## Problem statement:
For every entry, reproduce the wording exactly and omit any image it holds.

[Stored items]
----------------------------------------
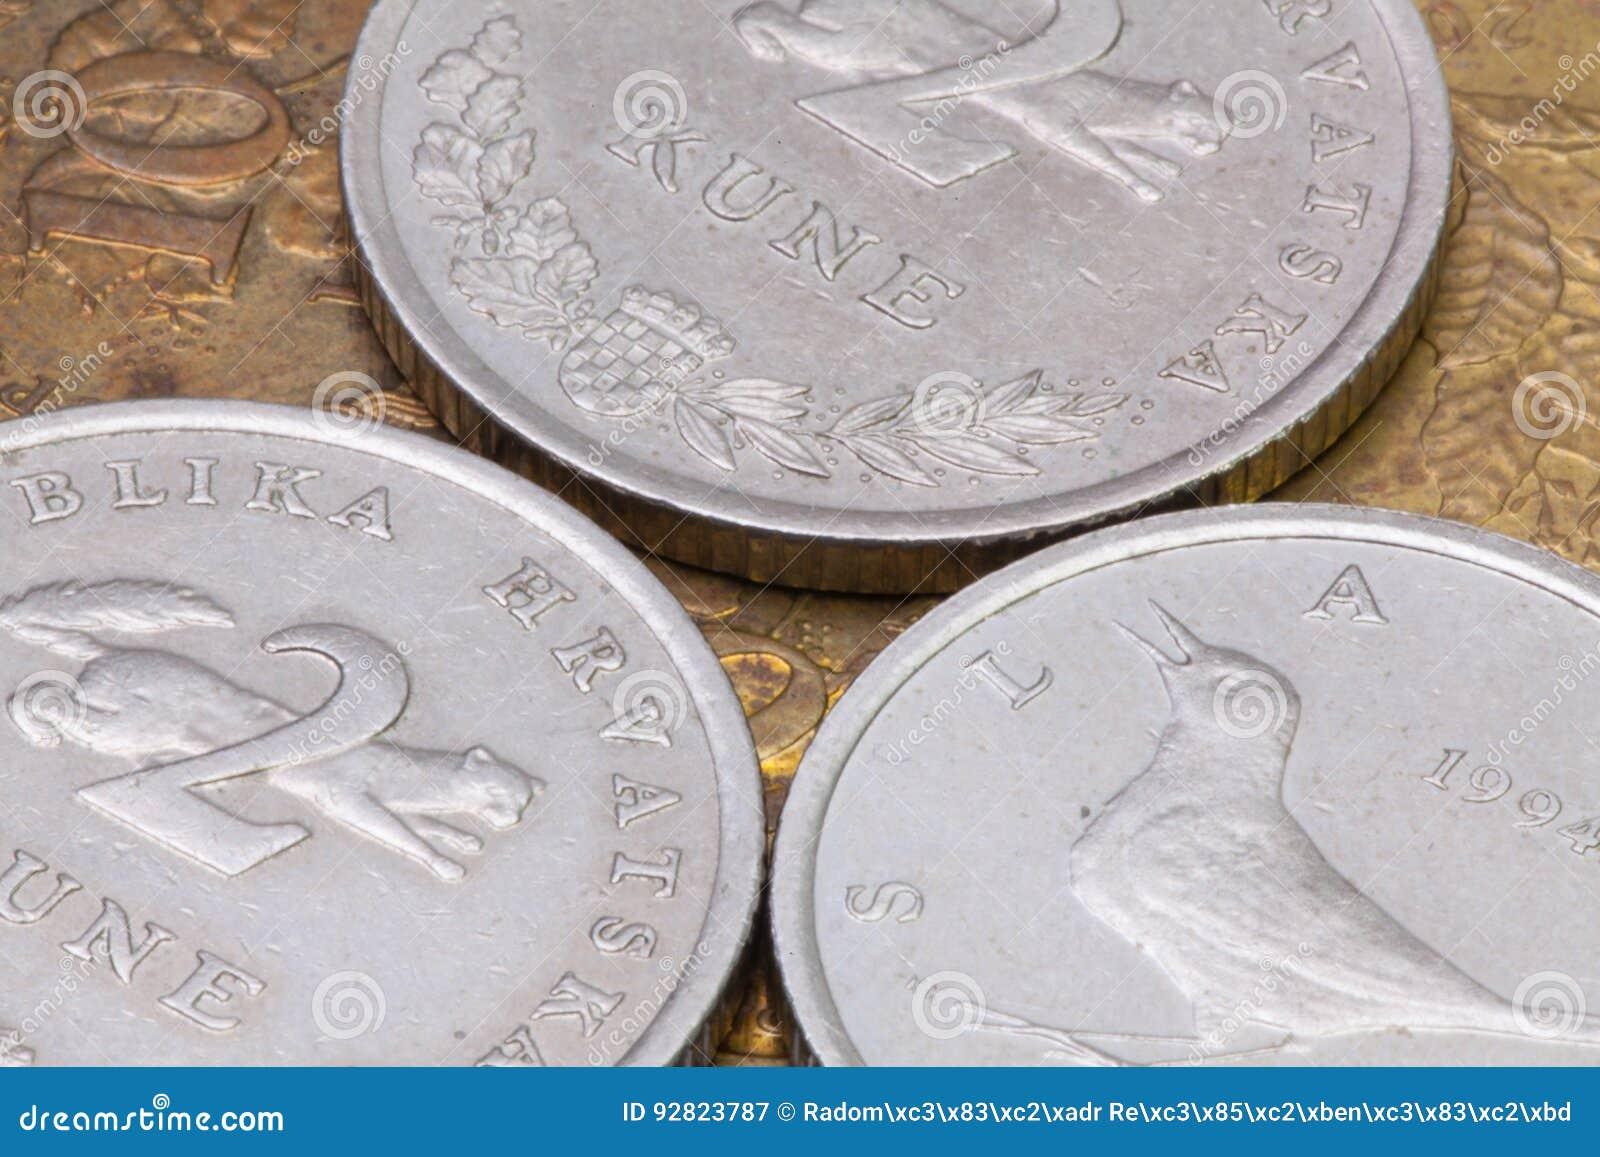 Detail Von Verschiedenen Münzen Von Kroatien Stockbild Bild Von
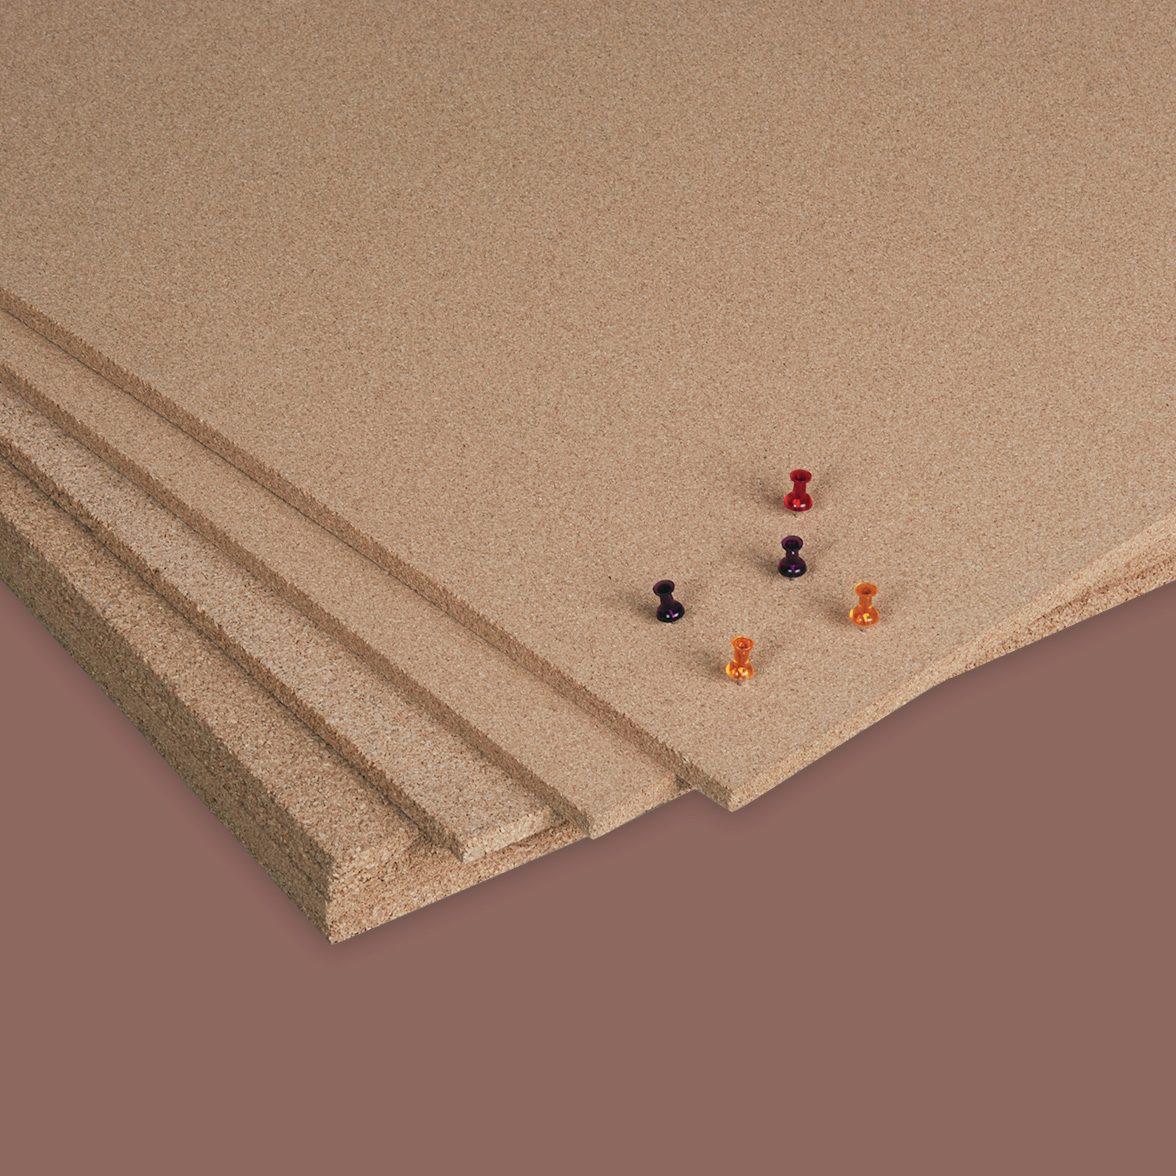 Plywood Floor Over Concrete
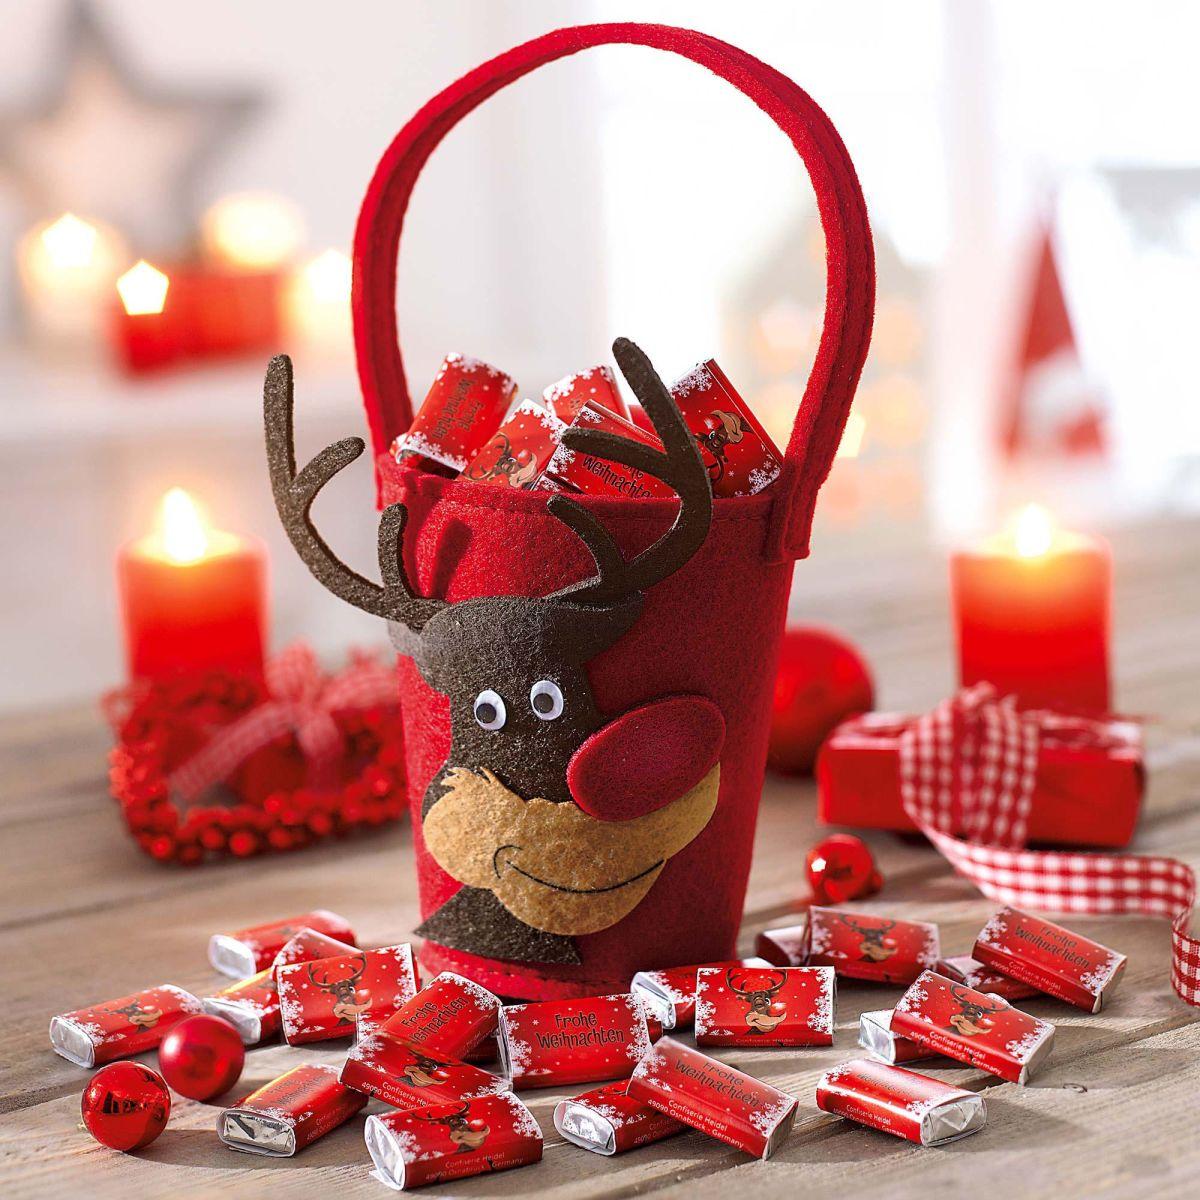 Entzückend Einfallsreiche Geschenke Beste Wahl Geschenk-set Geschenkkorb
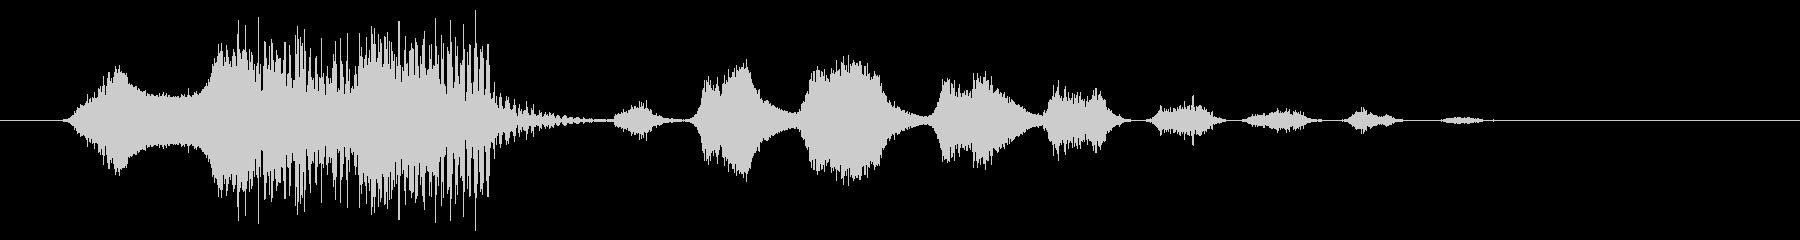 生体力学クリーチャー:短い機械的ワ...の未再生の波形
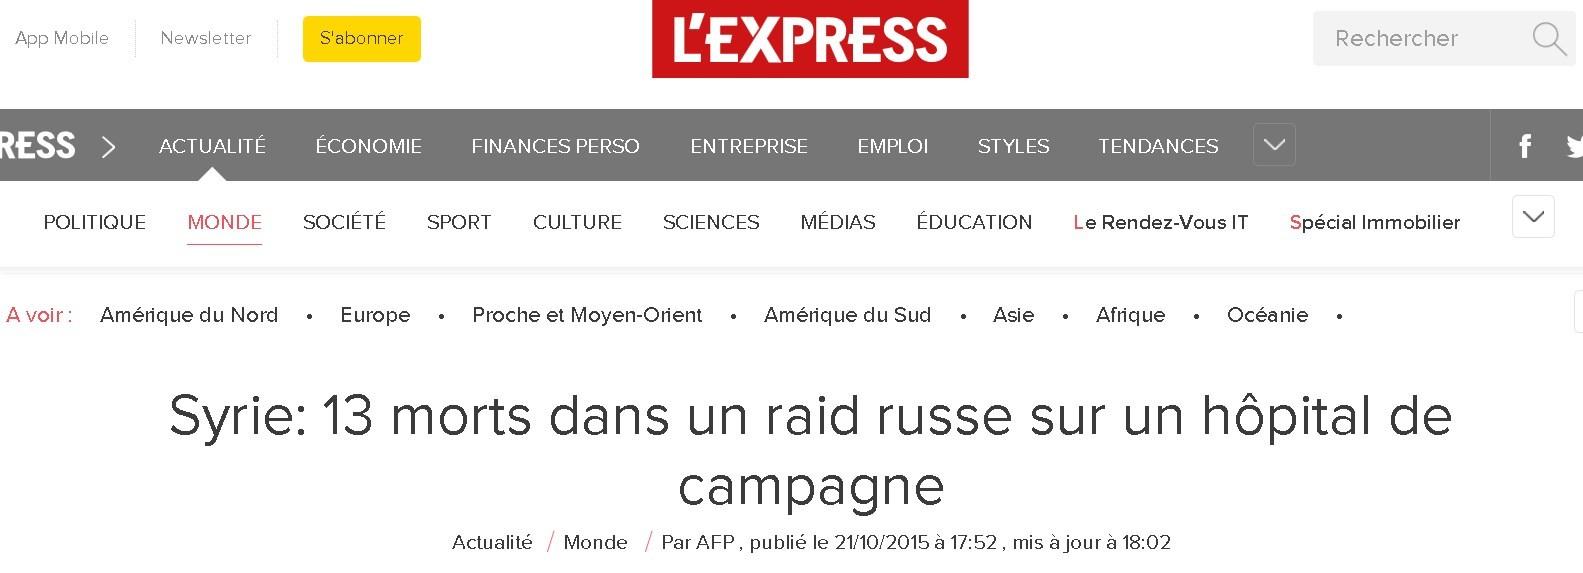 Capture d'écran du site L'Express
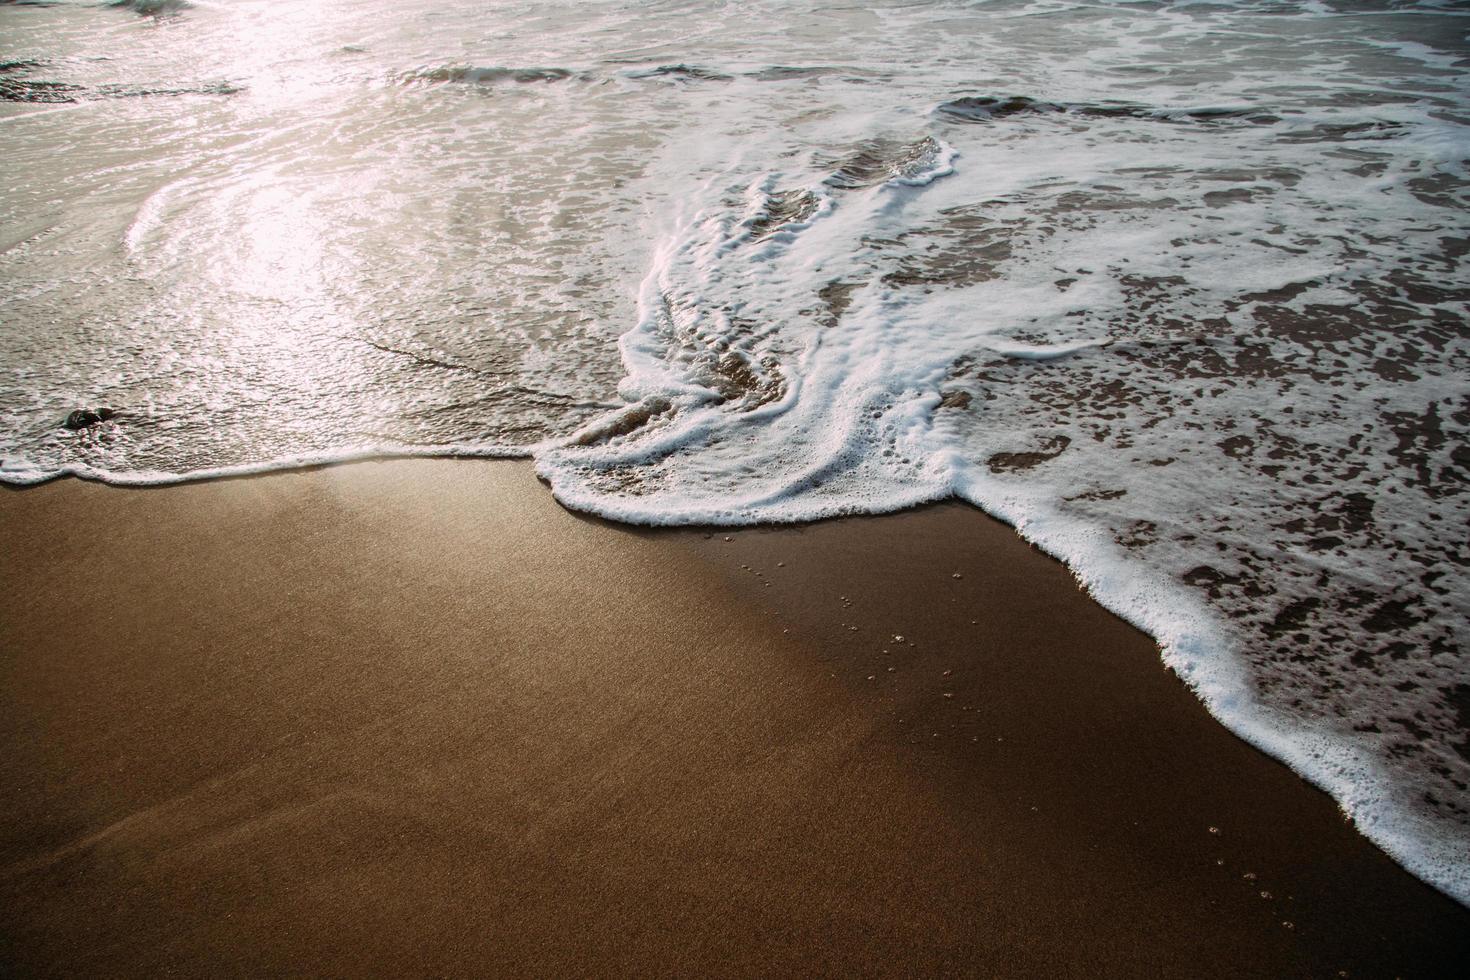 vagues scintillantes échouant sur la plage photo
----------------------------------------
## Answer box:
 Detail Von Verschiedenen Münzen Von Kroatien Stockbild Bild Von
 Plywood Floor Over Concrete
 Entzückend Einfallsreiche Geschenke Beste Wahl Geschenk-set Geschenkkorb
 生体力学クリーチャー:短い機械的ワ...の未再生の波形
 Capture d'écran du site L'Express
 vagues scintillantes échouant sur la plage photo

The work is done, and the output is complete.